Aaliyah Rodgers: In Romantic Relationships, it is Not Okay to Lie to Solve Problems

Relationships are can never be completely honest. Through experience I have come to realize that people subconsciously put themselves before others in life, not because they utterly want to but because it’s human nature.  A study done in the psychology departments of The University of California by Dr. Bella DePaulo indicated that, “the higher the expectations of others for our own virtuous behavior, and the more important it is to us to maintain our honor in their eyes, the more likely it may be that we will lie to them…” This means that people will do whatever they can to protect their reputation if they care deeply about the person that they are lying too, making lying unfortunately fairly prevalent in romantic relationships. Although most people lie thinking that they can get away with it or that it can benefit their partner, the short-term effects in which may seem rewarding are not worth what can result from telling lies. Many have the impression that telling the truth can be fairly risky and sometimes unnecessary when it comes to romantic relationships. But according to an online journal about titled “The Truth About Deception”  the reality is that, “relationships often come to an end when someone gets caught lying.” When problems arise in romantic relationships, lying to solve them can shows a grave lack of  healthy criticism and of respect, which can end up preventing a relationship from getting stronger or even end it. It is way more beneficial to just face the music and be honest when you and your partner have a disagreement than to risk your character and the trust in the relationship.
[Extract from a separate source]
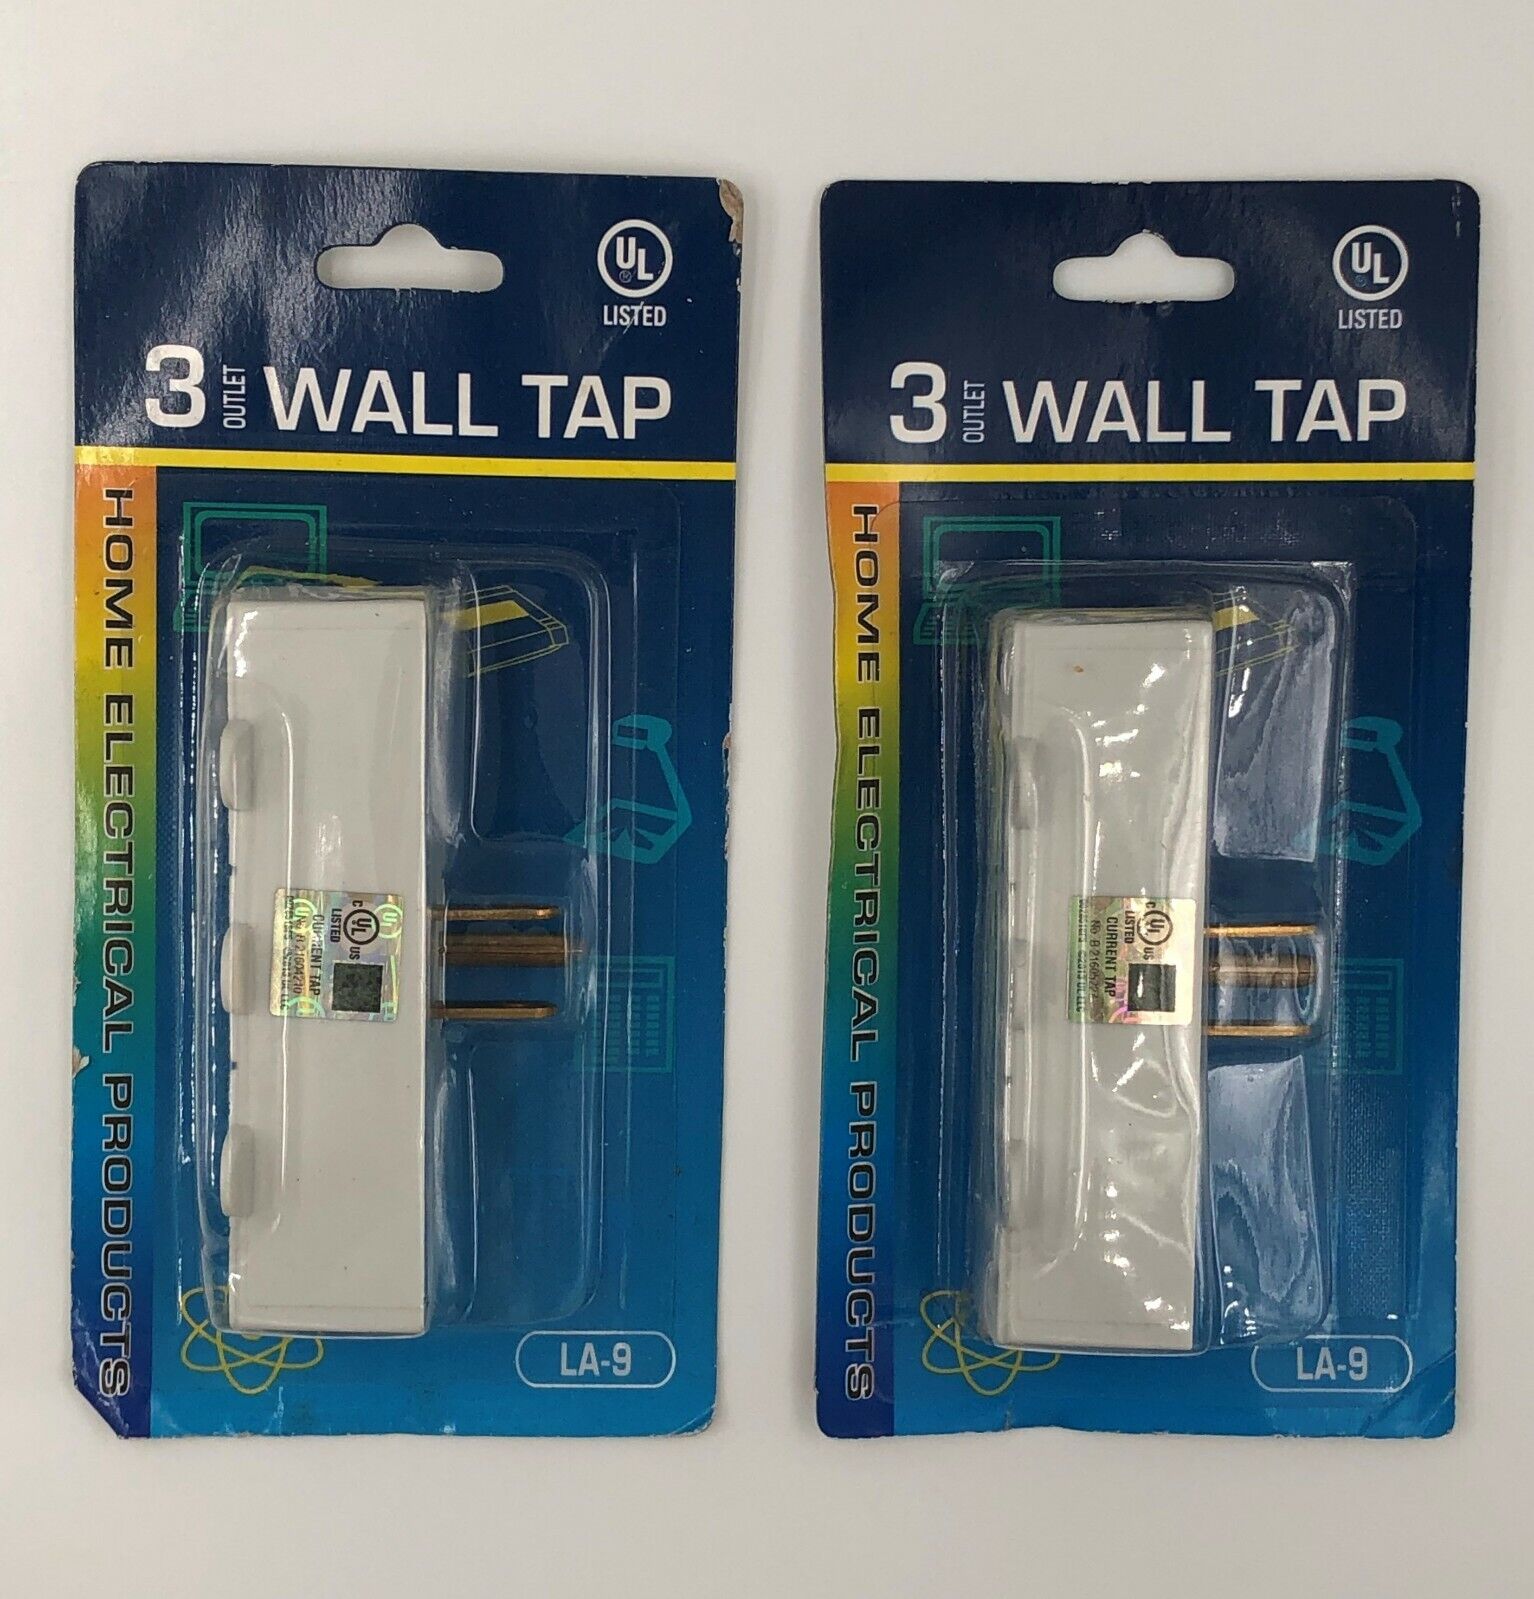 3 Way Outlet Wall Tap LA-9 UL Listed Powtech PT7803BB

Problems arise in relationships all the time we are human and we all make mistakes. Situations in which lying takes place can very depending on the relationships but there seems to be a common themes as to where people lie the most. Research shows that lying happens the most to cover up feelings, actions, and failures. The same study we looked at earlier done by the University of California investigated the everyday lies that college students and others in the community tell by making them record it in a journal. One reported lying to her boyfriend saying that, “[She] told him [she] missed him and thought about him every day when [she] really don’t think about him at all”. This girl realized that the fact that she didn’t think about her boyfriend while she was away from him was a problem, and that the easiest solution would be to lie about her feelings. In the case of a lie like this the boyfriend is left with a false feeling of importance, and although he may never find out, it could make a potential break up feel out of the blue and hurt more. Leaving him thinking that he never saw it coming.
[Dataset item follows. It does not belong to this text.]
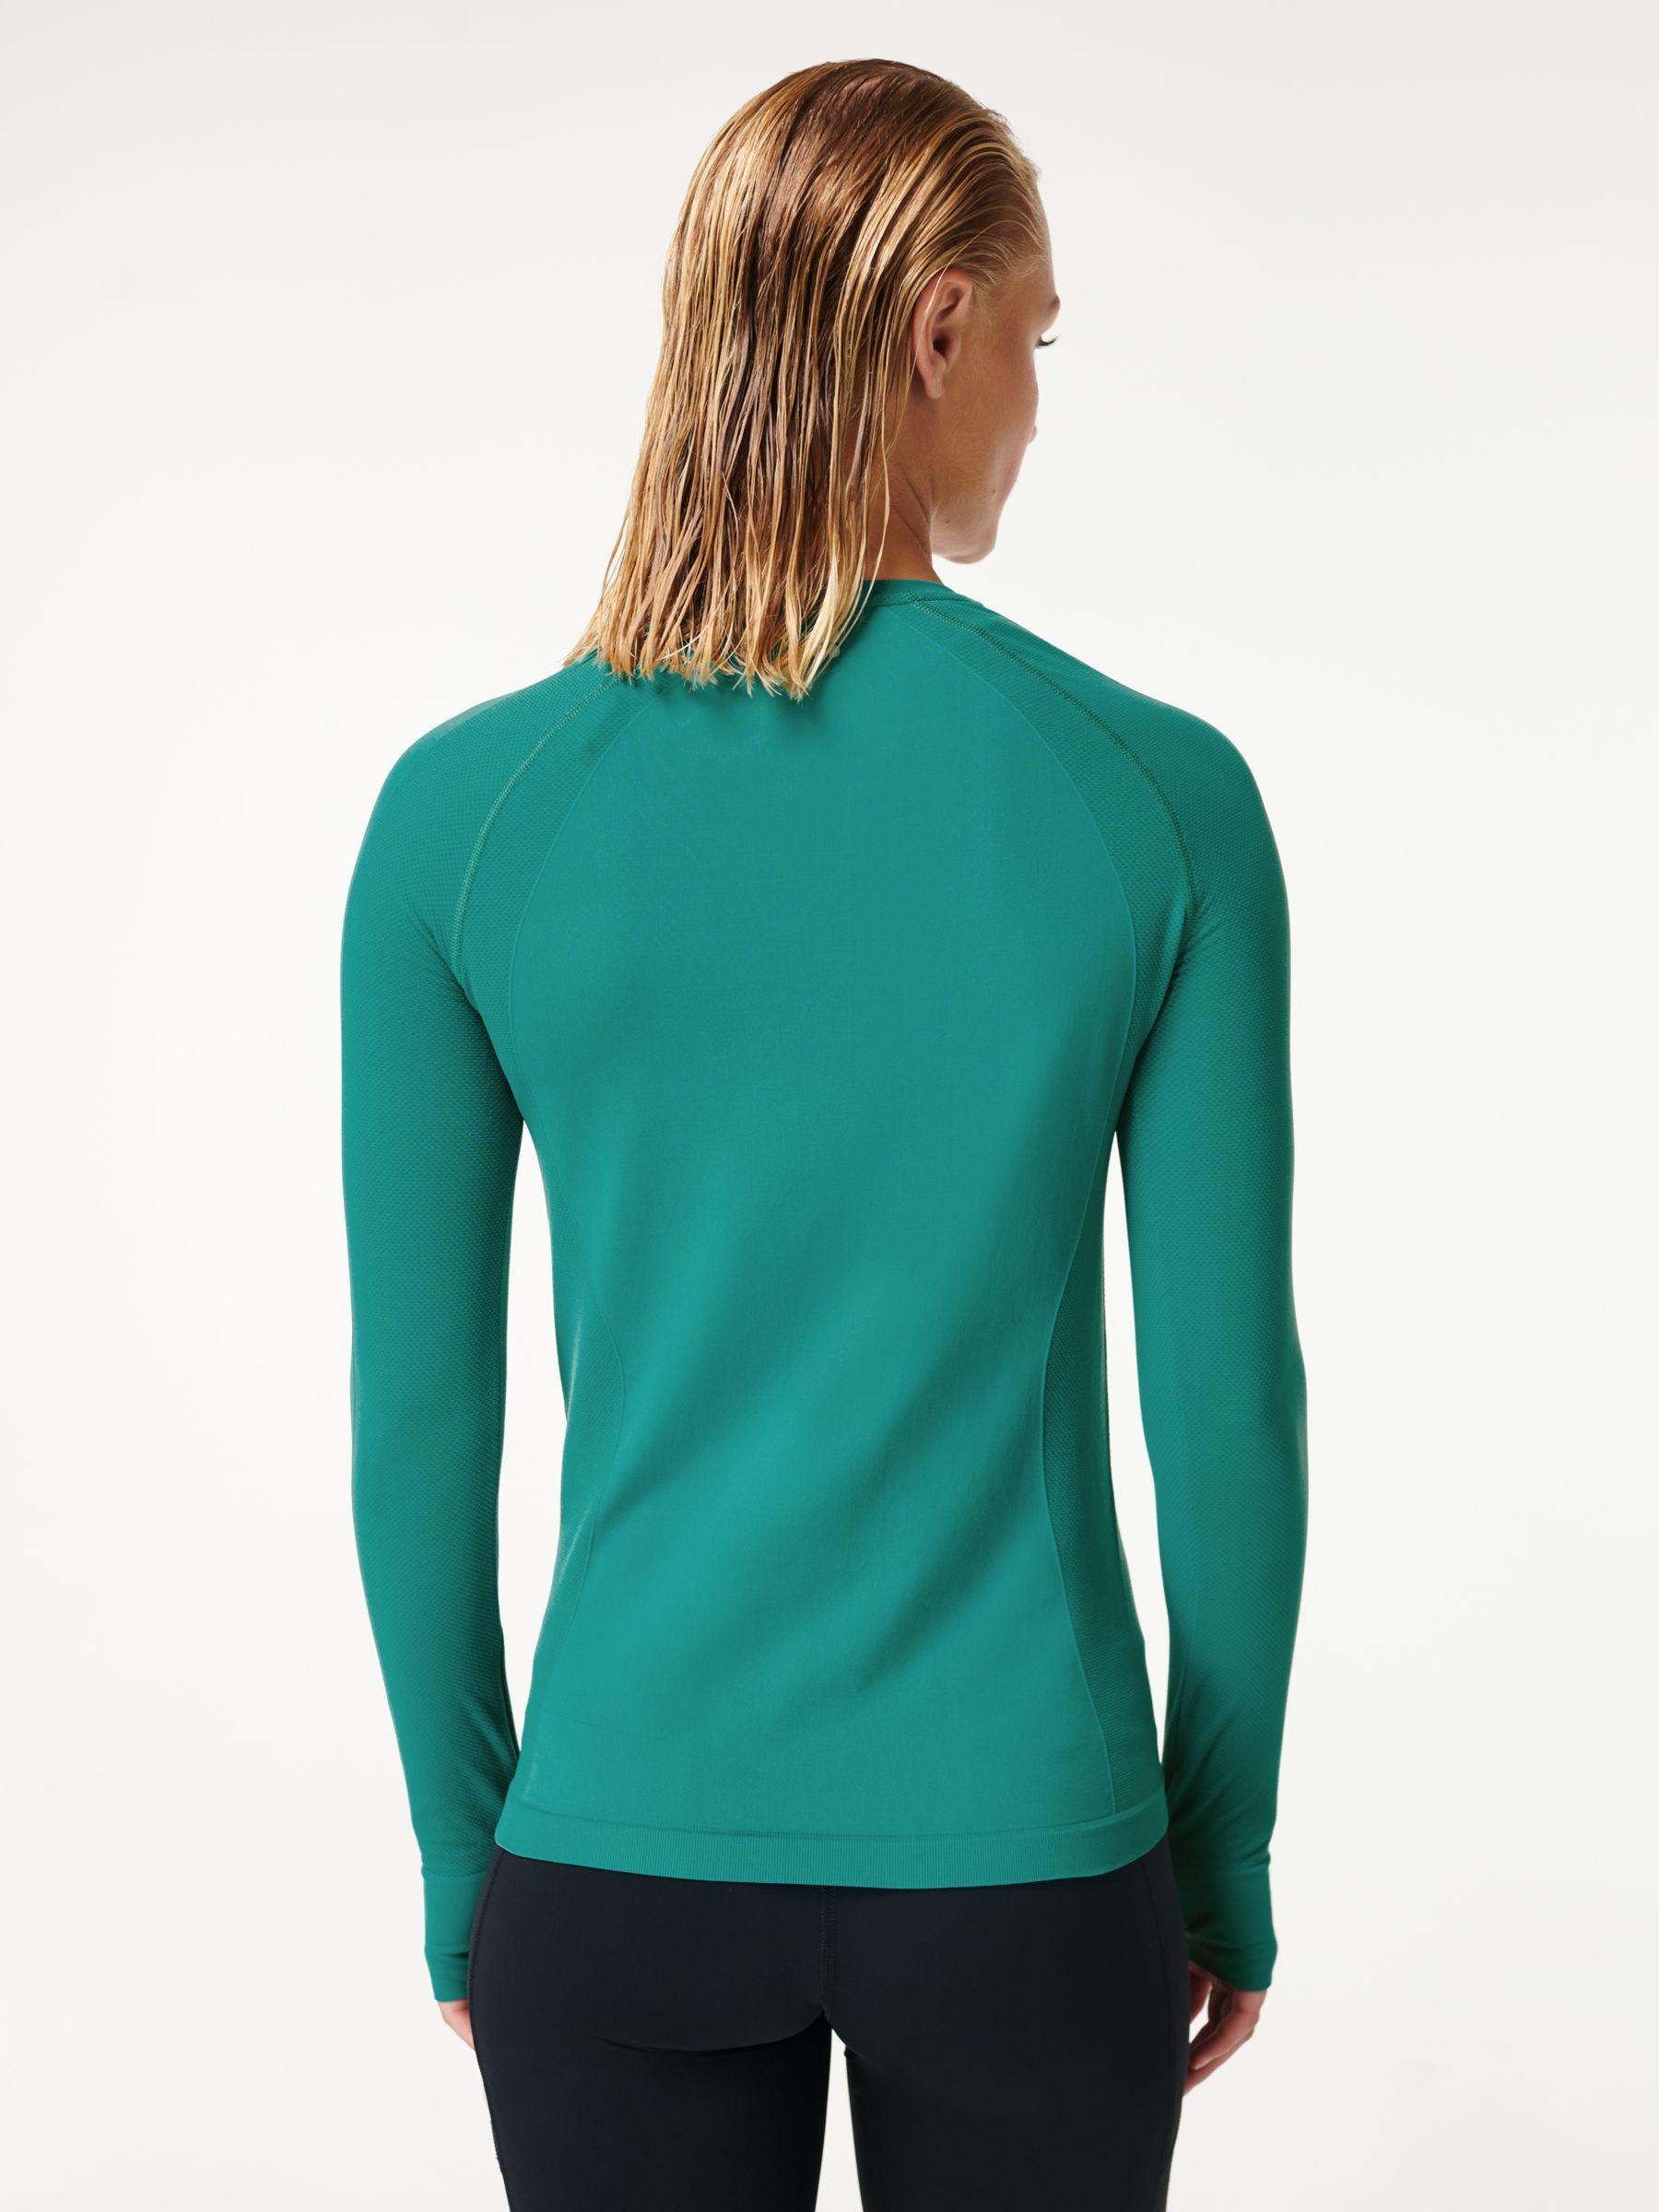 Sweaty Betty Athlete Seamless Workout Long Sleeve Top in Green

According to Tim Cole such as thing exists in relationships which is titled healthy criticism. Not a single person was made perfect in this world so it makes sense that disagreements will happen, but without the presence of healthy criticism, a simple dislike without presence of confrontation can turn into a festering hate. It is essential that if you have a problem with a certain ability then you should confront your about it.  A friend of mine was telling me that his girlfriend always offered to cook for him but he detested the food that she made. At first he lied by not telling her how he felt and he found himself being completely silent at dinner, resenting the food she cooked and not using that time to bond with his girlfriend. Because he didn’t try to criticize her constructively they lost that time to get closer as a couple. People also lie to avoid constructive criticism when they tell partner that they like what their partner wears when they’ve actually thought to themselves that is has bothered them. In this situation, the lack of healthy criticism through lying would cause one partner to lack the complete confidence that comes with loving and showing off your partner and it could eventually weaken their feelings for that person.
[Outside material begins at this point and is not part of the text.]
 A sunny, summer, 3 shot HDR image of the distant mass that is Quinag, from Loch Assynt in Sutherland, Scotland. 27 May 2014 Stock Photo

An online journal titled, “Our Everyday Life”  writes about how, “respectful communication is a key element of a successful partnership.”  There are many problematic situations that arise in relationships that if lies are used to solve can be considered a great lack of respect. Violating respect is most commonly done when one partner withholds important information or tells major lies. This same journal stresses the importance of resisting to tell one simple lie that could break down relationship trust because, “trust is built day by day in relationships through genuine discussions and respectfully working through conflicts.” One of the college students from the DePaulo study reported lying about his infidelity to his girlfriend when, “[He] said [he] had been true to his girl.”. Although this lie would have avoided having to deal with a situation where his girlfriend would have been hurt, this demonstrates a lack of respect. Once respect is lost in a relationship, it is difficult to feel a genuine love for your partner, because you siply cannot love someone that you don’t respect.

It is very clear that we as humans tend to lie in our everyday lives. With lies ranging from small to immense. The thing to note is that the saying, “two negatives make a positive” does not apply here. This is because we all know that lying has negative impacts so it only makes sense that if a situation that is already considered a problem is approached with lying, that “solution” will always only be temporary.